Triglycerides of cottonseed oil were separated by thin layer chromatography (TLC), and fractionated by high-performance liquid chromatography (HPLC) on the basis of partition numbers. From each fraction, it was fractionated again on the basis of acyl carbon numbers using gas liquid chromatography (GLC). The fatty acids of triglyceride for each partition number group were analyzed by GLC. From, these results, triglyceride constituents of cotton seed oil were estimated to be 37 kinds of triglycerides.
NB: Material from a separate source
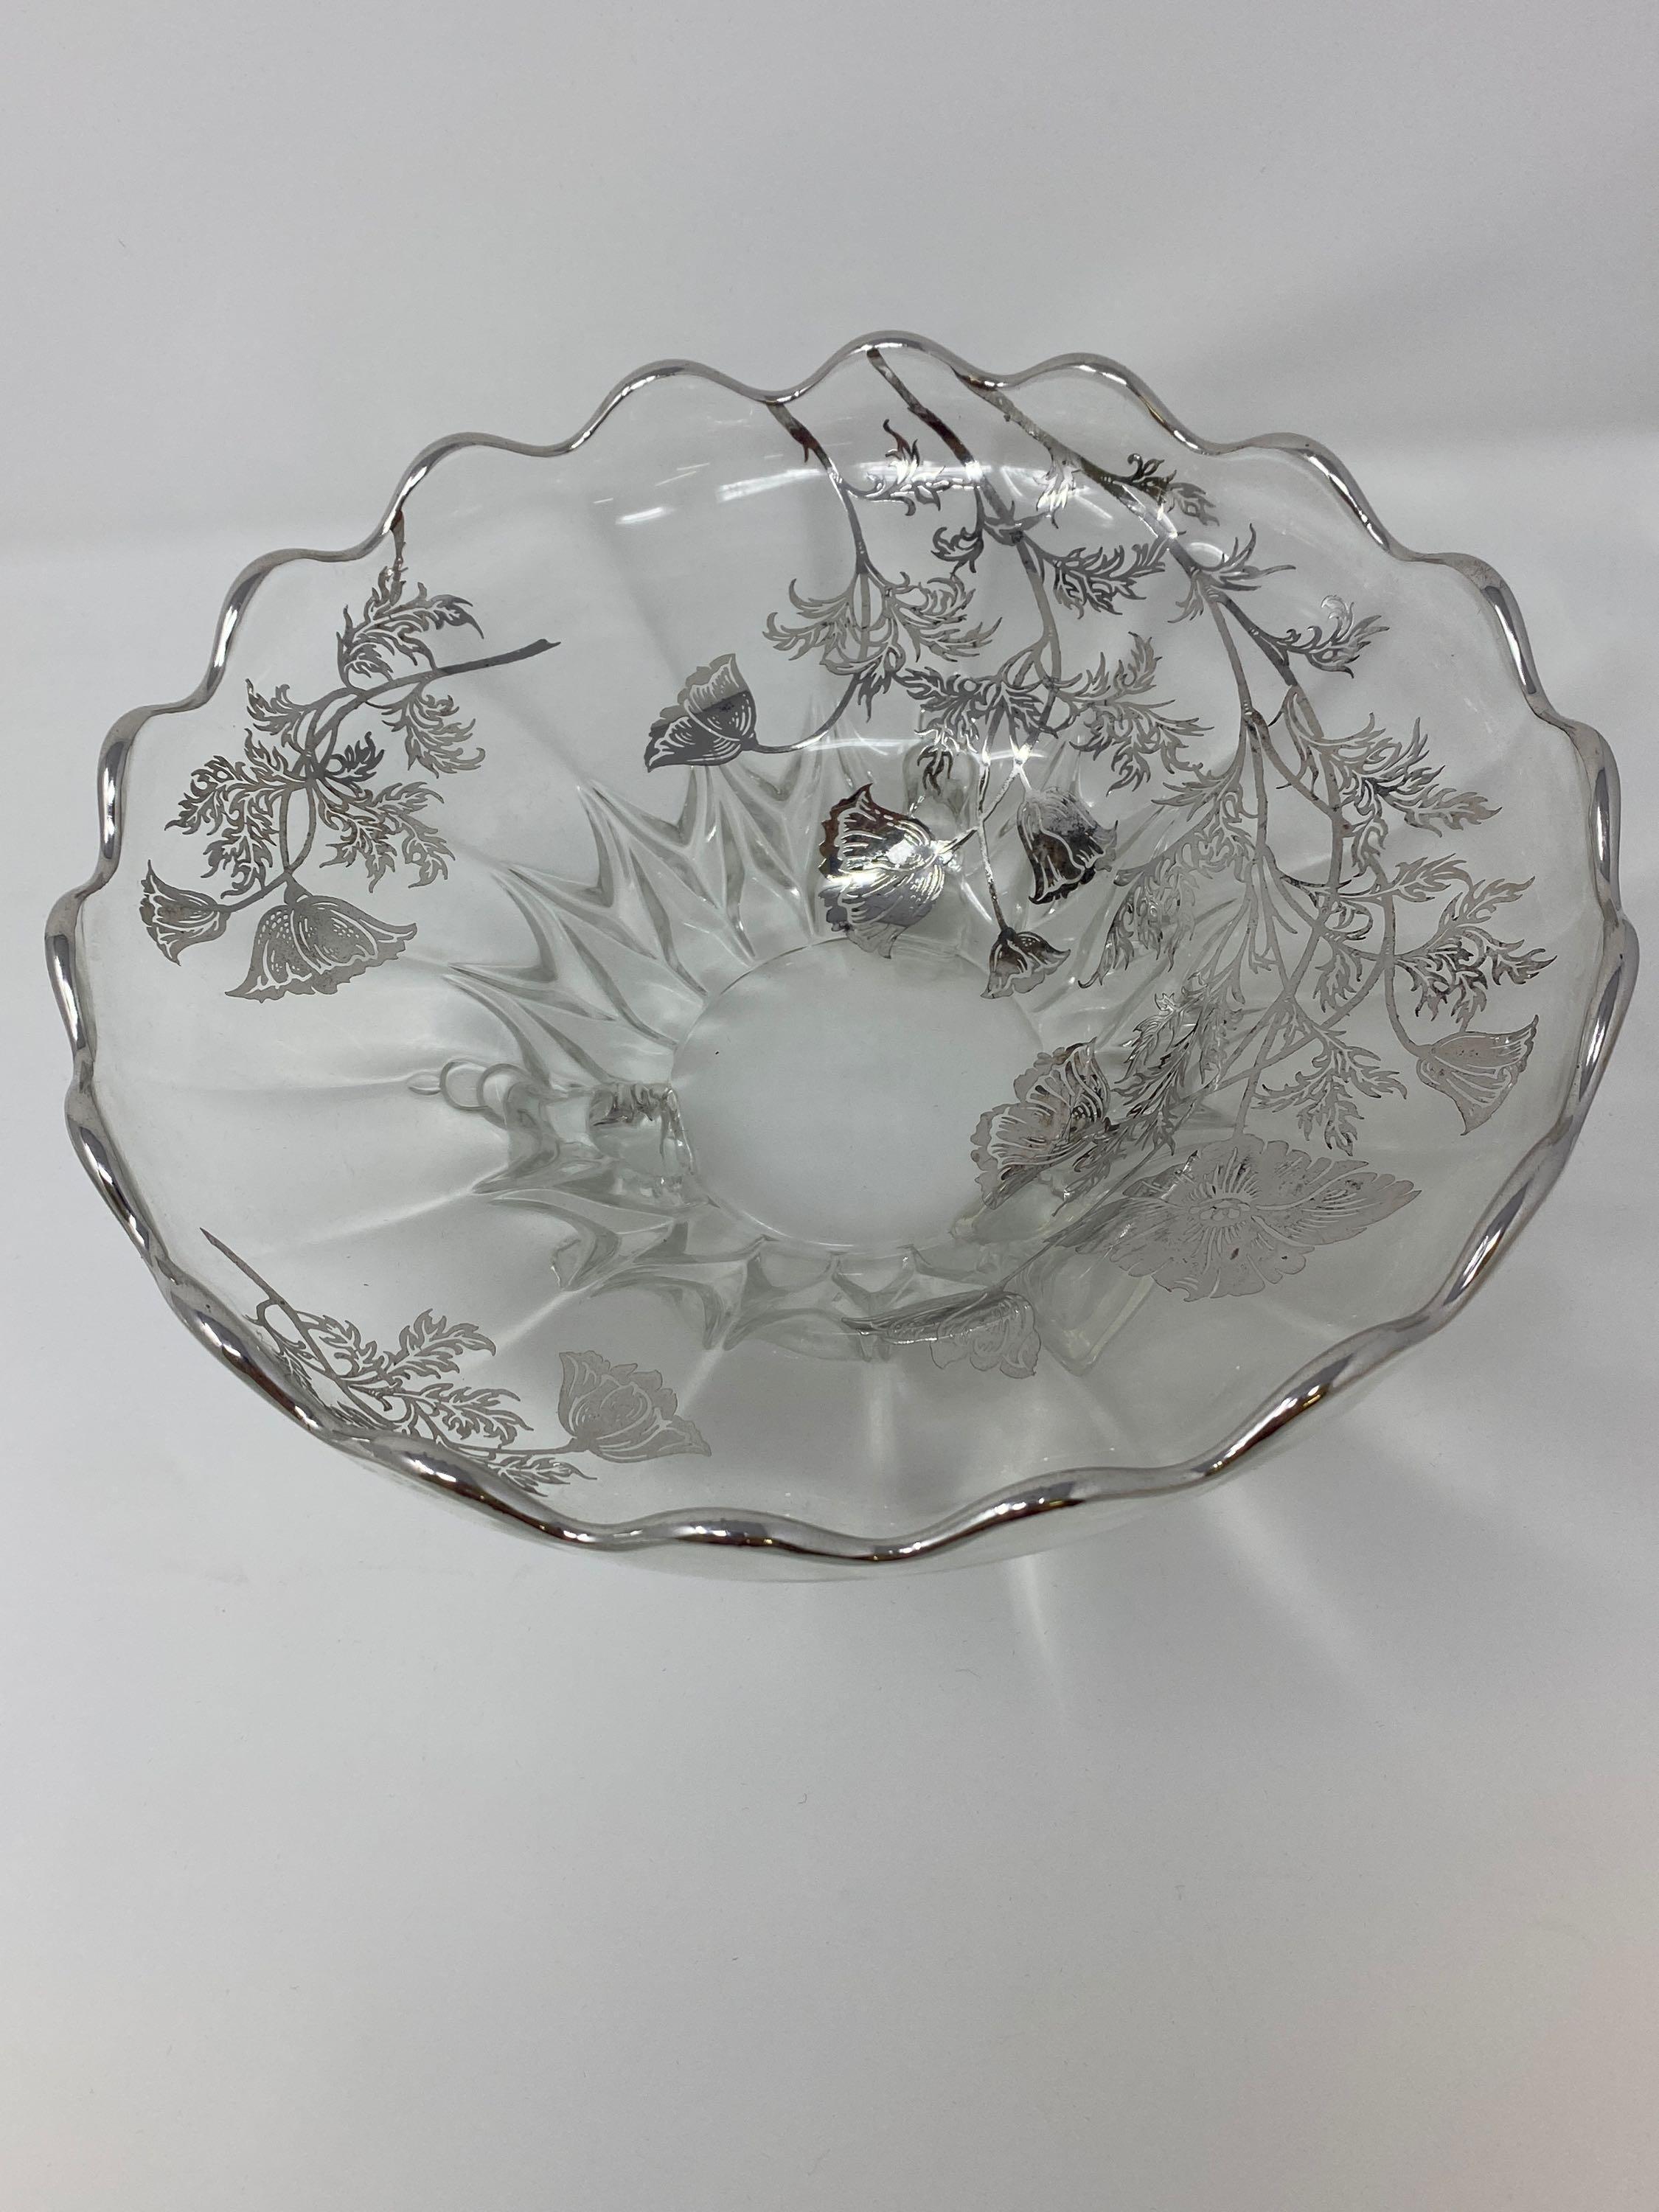 2 Glass Footed Bowls- One with Silver Overlay, Other with Etched Design
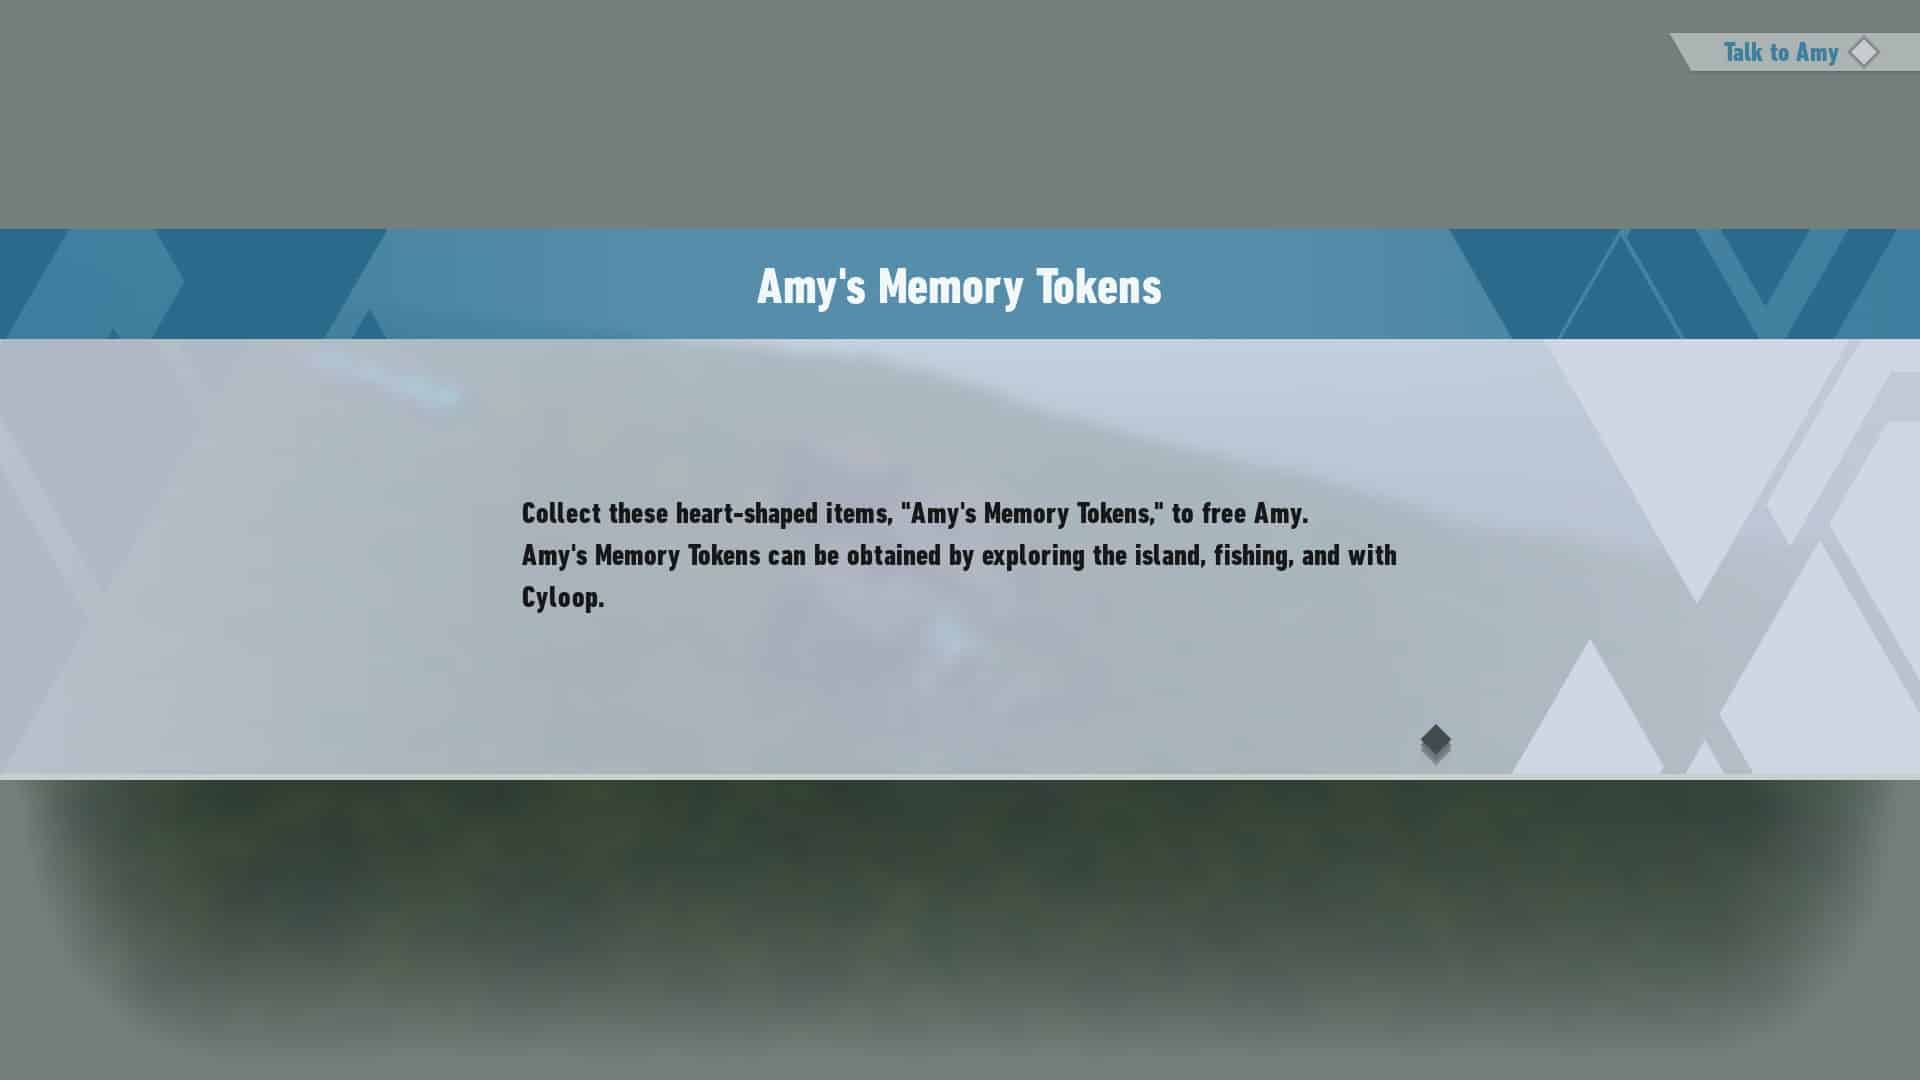 Memory Tokens allow you to free your friends

The major triglycerides and their contents in cotton seed oil were as follows: 25.8%$(C_{16:0},\;C_{18:2},\;C_{18:2})$, 15.5%$(C_{18:2},\;C_{18:2},\;C_{18:2})$, 13.8%$(C_{16:0},\;C_{18:2},\;C_{16:0})$, 8.3%$(C_{18:2},\;C_{18:1},\;C_{18:2})$, 6.2%$(C_{18:2},\;C_{18:1},\;C_{18:1})$, 4.1%$(C_{18:1},\;C_{18:1},\;C_{14:0})$, 3.4%$(C_{16:0},\;C_{18:1},\;C_{16:0})$, 2.3%$(C_{18:1},\;C_{18:2},\;C_{16:0})$, 2.2%$(C_{18:1},\;C_{18:1},\;C_{18:1})$, 1.0%$(C_{14:0},\;C_{18:2},\;C_{18:1})$.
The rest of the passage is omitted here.